Upstream the individual BCR breakpoints, 17 annotated SNPs and 3 novel variants were found altogether in 27/48 cases (56%) (Figure 2B). The dbSNP assigned accessions of newly detected variants (putative SNPs) are as follows:

NG_009244.1:g.114249A > G|rs527236141|ss1227131697;NG_009244.1:g.114278G > T|rs527236142|ss1227132188;NG_009244.1:g.115017 T > A|rs527236143|ss1227132282.

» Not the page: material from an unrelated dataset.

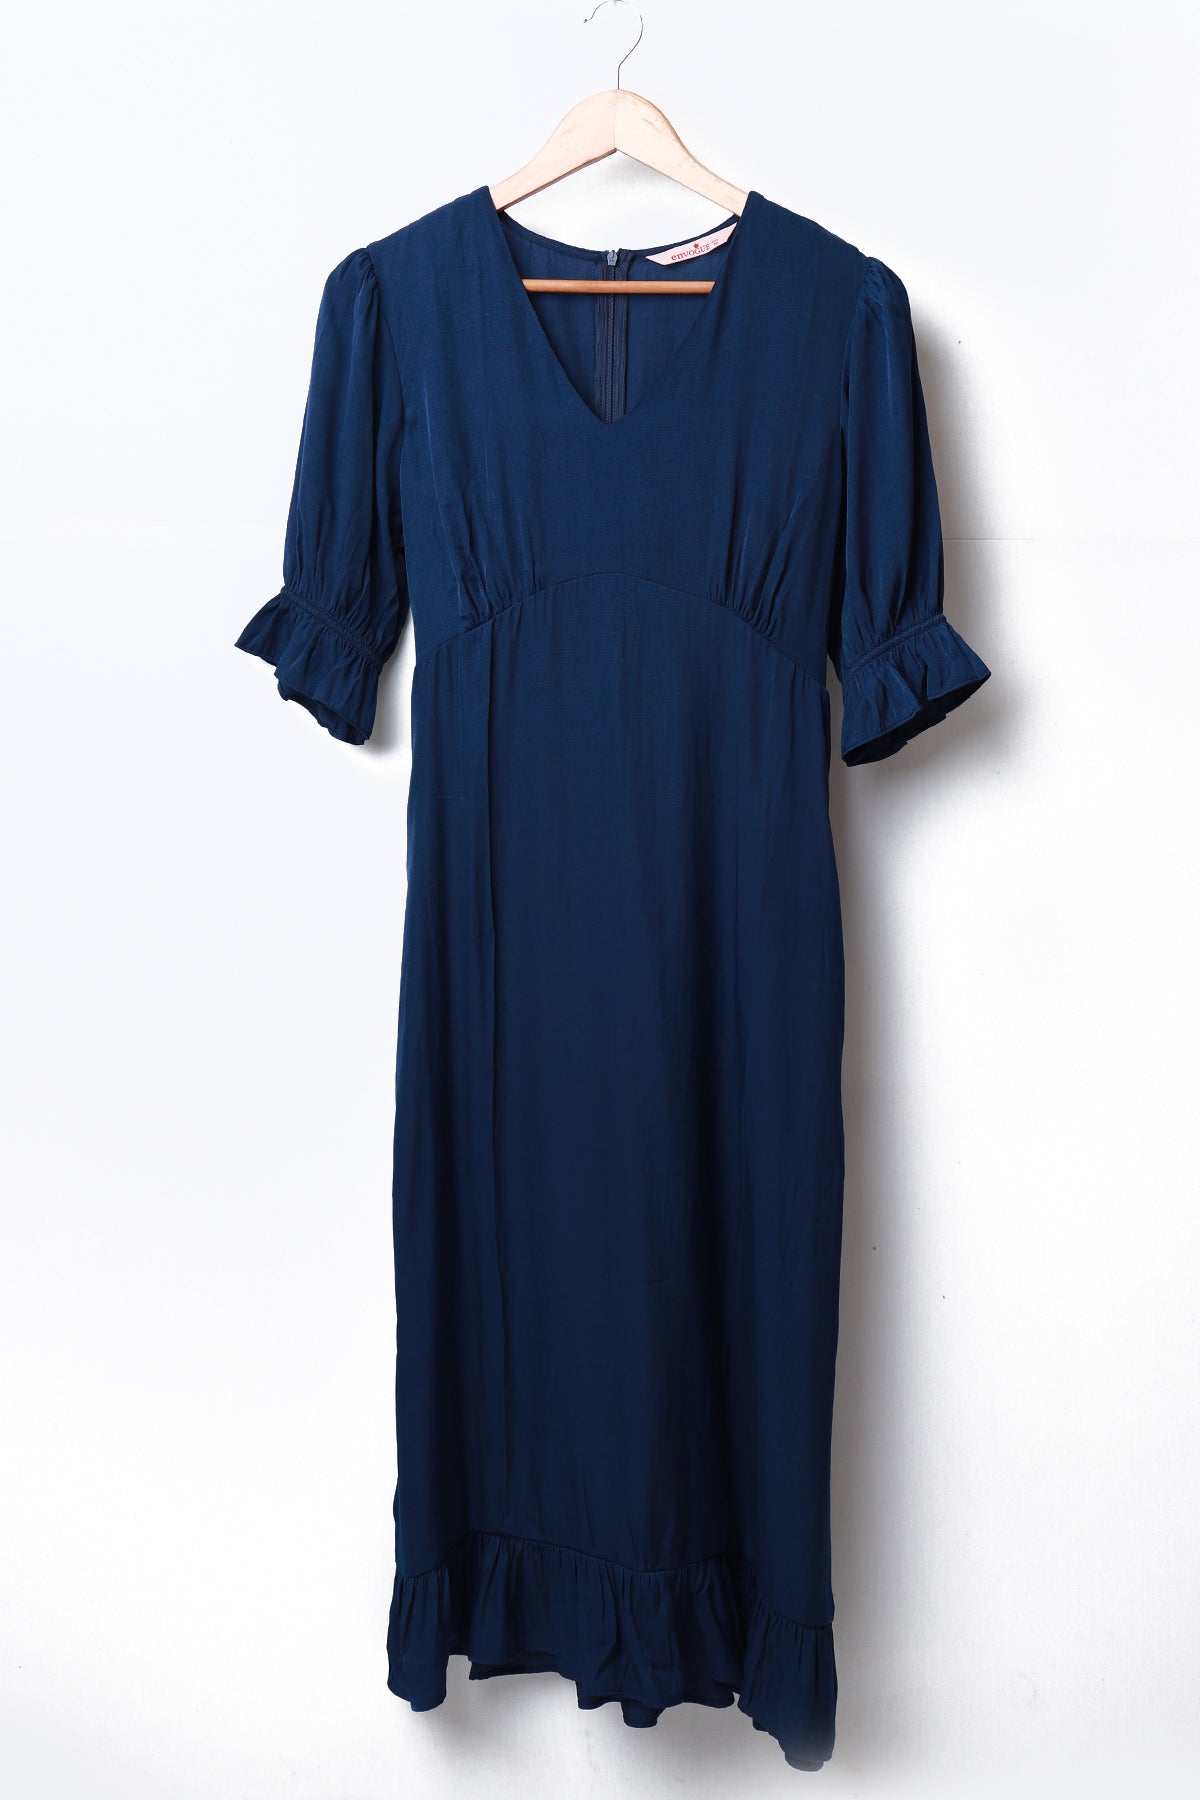 Envogue Women's Midi Plain Casual Dress

The 300 bp region downstream of primers hybridizing to BCR exon 13 was sequenced in all cases (Figure 2B). Four SNPs were identified within this region altogether in 9% of patients with e13a2 mRNA fusion and in 12% of patients with e14a2 mRNA. Other 16 SNPs were detected almost exclusively in patients with e14a2 mRNA fusion, which is in accordance with the fact, that the BCR region sequenced in these patients was larger than in the patients with e13a2 mRNA. The minor allele frequency among the BCR-ABL1 alleles analyzed corresponds to that found in the 1000 GenomePhase Population and in the cohort, although small, of healthy donors (Figure 2B).

Conclusion

Although increasing number of studies has been published in last few years [6-16], analysis of BCR-ABL1 at the DNA level has been limited and difficult so far. Our mLR-PCR-NGS approach streamlined the laboratory workflow for patient-specific BCR-ABL1 fusion characterization allowing personalizing real-time PCR assays for patients with MRD. The large collection of 46 BCR-ABL1 fusion sequences was obtained in the short time and is at disposal in the NCBI Nucleotide database. Moreover, the NGS enabled to detect SNPs upstream and downstream the patient-specific breakpoints of the BCR-ABL1 gene. NGS of this region in large series of patients has the potential to provide insights on the association between particular SNPs or haplotypes and CML. Although we describe the method on BCR-ABL1 in patients with CML, the strategy can be used in the same manner as a base for DNA-based MRD monitoring in BCR-ABL1 positive acute lymphoblastic leukemia (ALL), where significant differences between MRD levels measured by BCR-ABL1 expression and Ig/TCR DNA-based approach were described [17]. Moreover identical approach can be used for breakpoints localization and sequence features calling in other large fusion genes associated with various cancers, e.g. TEL/ABL1 (atypical CML or ALL) [18], TEL/AML1 (acute lymphoid leukemia) [19], TMPRSS2/ERG (prostate cancer) [20] or EML4/ALK (non-small cell lung cancer) [21].